One night, in his shower, we decided to have sex. We hadn’t had actual sex since he took my virginity. I was open to that idea–it’d been a while for me.
He wanted anal.
I didn’t.
He got what he wanted–after guilt tripping me. He was good at that.
After, I cried silently and washed thoroughly with his Irish Spring body wash. It has forever been tainted for me; even though it had been a scent and a soap I always loved. Just thinking about it brings me back to that night, pushed against the shower wall, wishing I was having a vivid nightmare, wishing I was anywhere else. When I think about this, I can still feel the slight sting of the soap’s scent in my nose, clear as day.
I never told him how that made me feel. I regret it. To this day, I don’t think he knows what it was.
My second year living in Washington, DC. I had gone to happy hour with a couple coworkers and being as young and reckless as I was, didn’t realize that you probably shouldn’t get tanked while out with your coworkers. (It took me a significant amount of time to learn this lesson.) They went home, I wanted to keep drinking. And I did.
I texted a friend (and coworker) to see if he wanted to meet up with me at a gay bar. He lived close to it and I used to frequent that bar when I lived in the Northwest quadrant of the city. He said sure, I’d gotten to my apartment and was still taking Fireball shots in my apartment and then left for the rest of the night’s adventures.
I continued taking Fireball shots and drinking rum and Coke. (Rum and Coke was my drink of choice for a long time. If I’m feeling particularly nostalgic, I’ll go back to it. Now it’s more Jack and Coke if I can get it.)
I was very drunk by the time my friend decided to go home with an attractive man. I wasn’t going to begrudge him that. I told him that he should go. He offered to escort me to the Metro station, but I didn’t want to be a cockblock (me, in my eternal quest to not be a burden to others).
I got on the train and I don’t remember much after that.

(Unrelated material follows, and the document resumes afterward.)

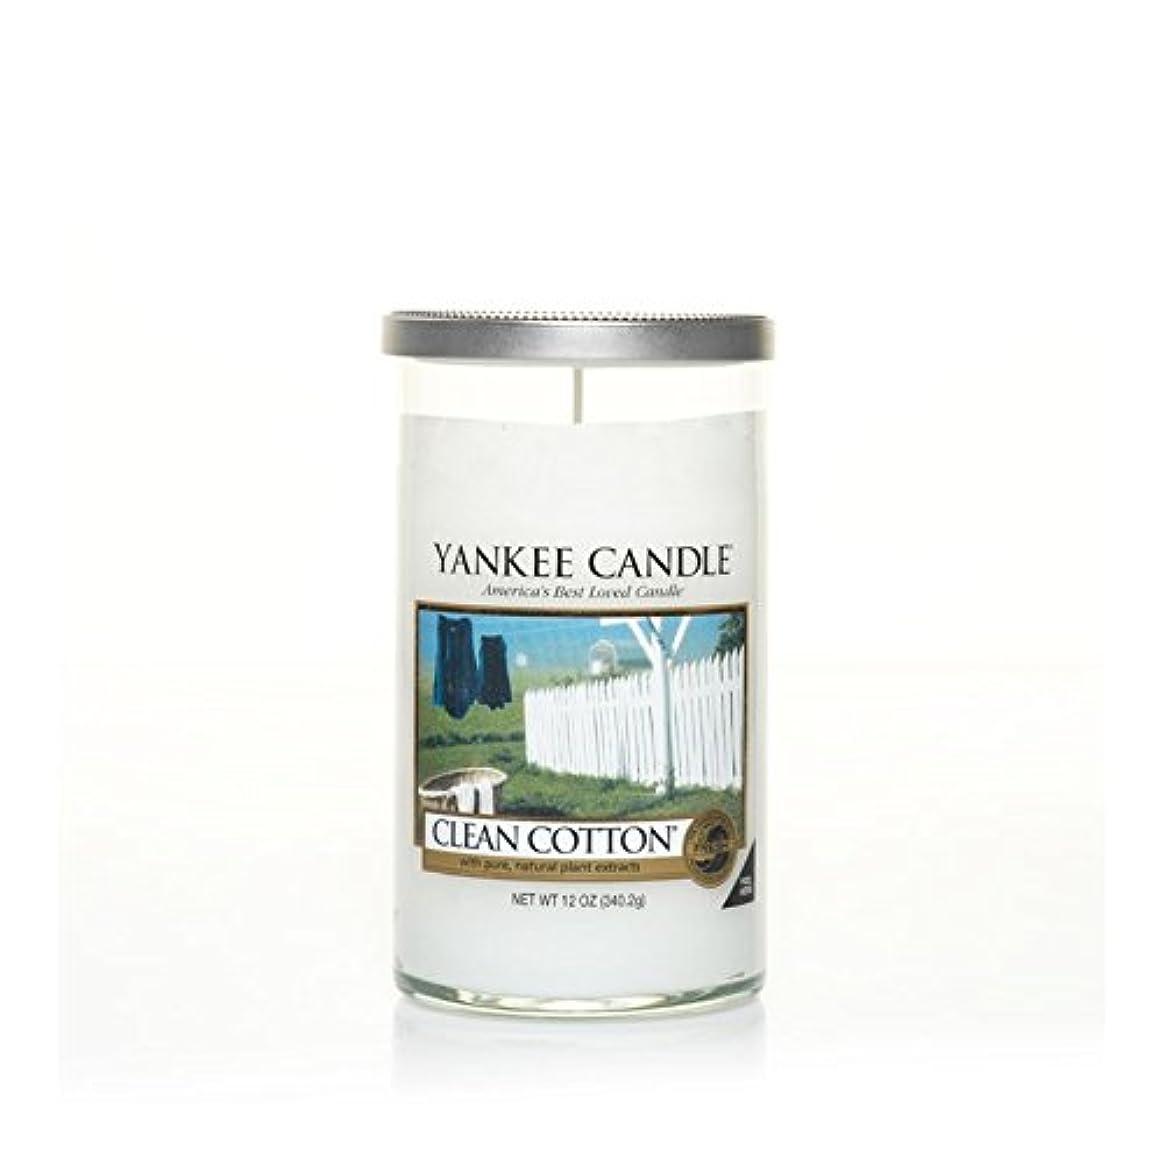 広告する極貧応援するYankee Candles Medium Pillar Candle - Clean Cotton (Pack of 2) - ヤンキーキャンドルメディアピラーキャンドル - きれいな綿 (x2) [並行輸入品]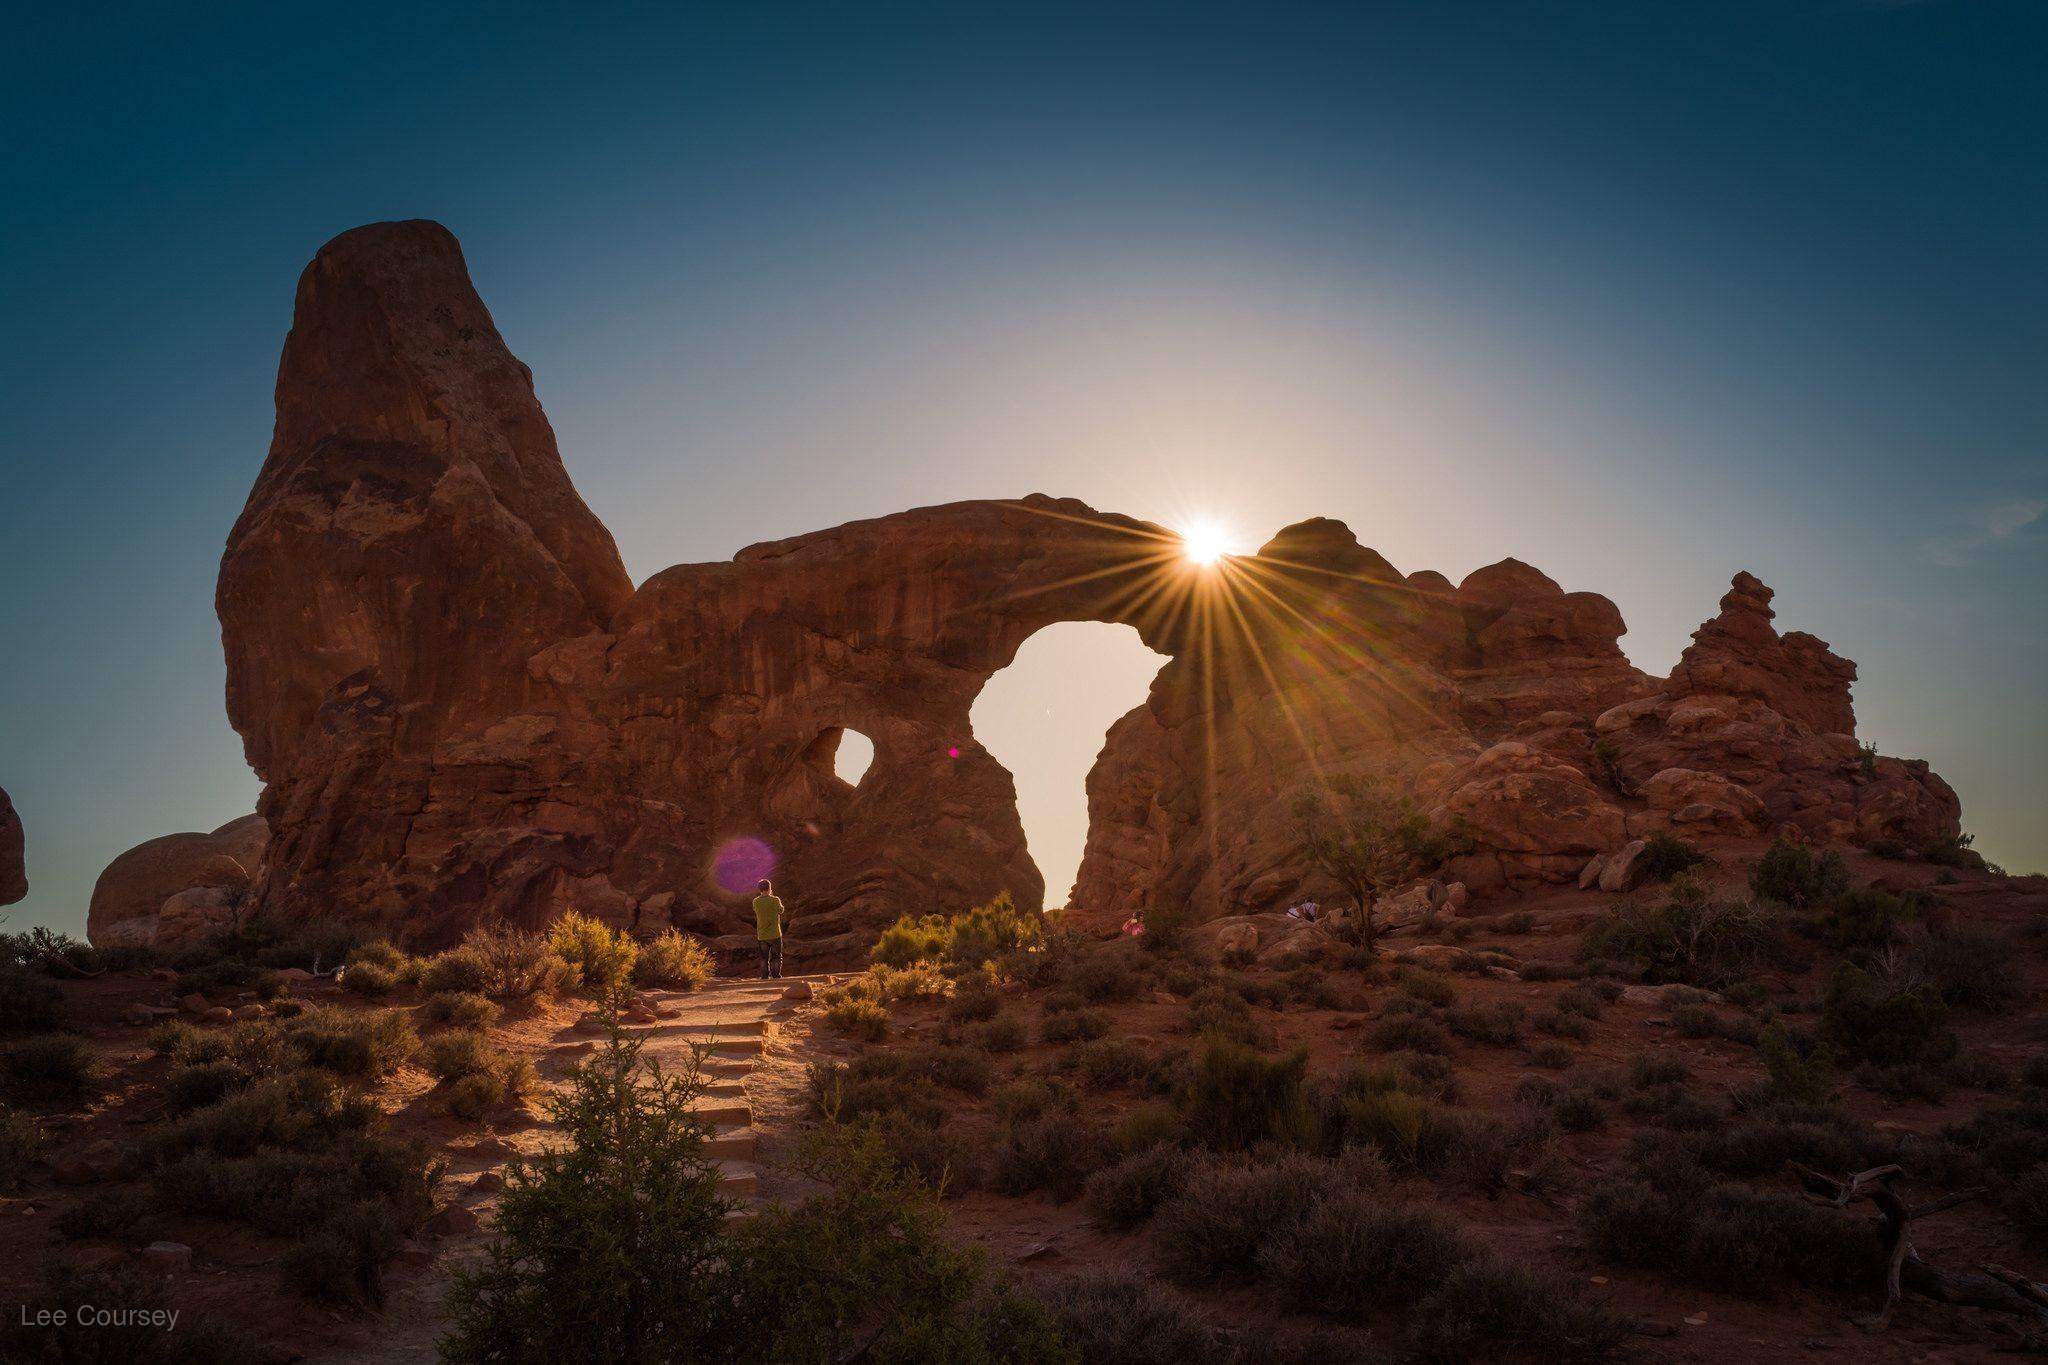 美西國家寶藏12日-黃石六大國家公園、羚羊峽谷

I remember a police officer taking me off the train because I’d passed out or fallen asleep (likely the former). I remember a man telling the officer that he’d take me home. I don’t know why I agreed. He did take me to my house, but not after some pieces I still have yet to fully put together (and I don’t think I ever want to).
I remember a basement, the smell of laundry detergent likely Gain and not Tide, sitting atop a washing machine, and vaguely giving a blow job. Then blacking out, and coming to right before I made it to my apartment. I slept for hours upon hours after that, missing a date with my now-wife.
This is the first time I have ever told anyone other than my wife, one of my coworkers, and my therapist this story. It haunts me.
I tell these stories in hopes that being honest with myself will remind me that I am a strong person who deserves to be treated like a human. I tell them hoping desperately that my future daughters will never have stories like these. That this will only be a distant memory and I can tell them of the change and revolution a few women caused via just a little thing called the internet. And I tell these stories with a fervent hope that the conversation will continue and that someday there will be no more stories like these.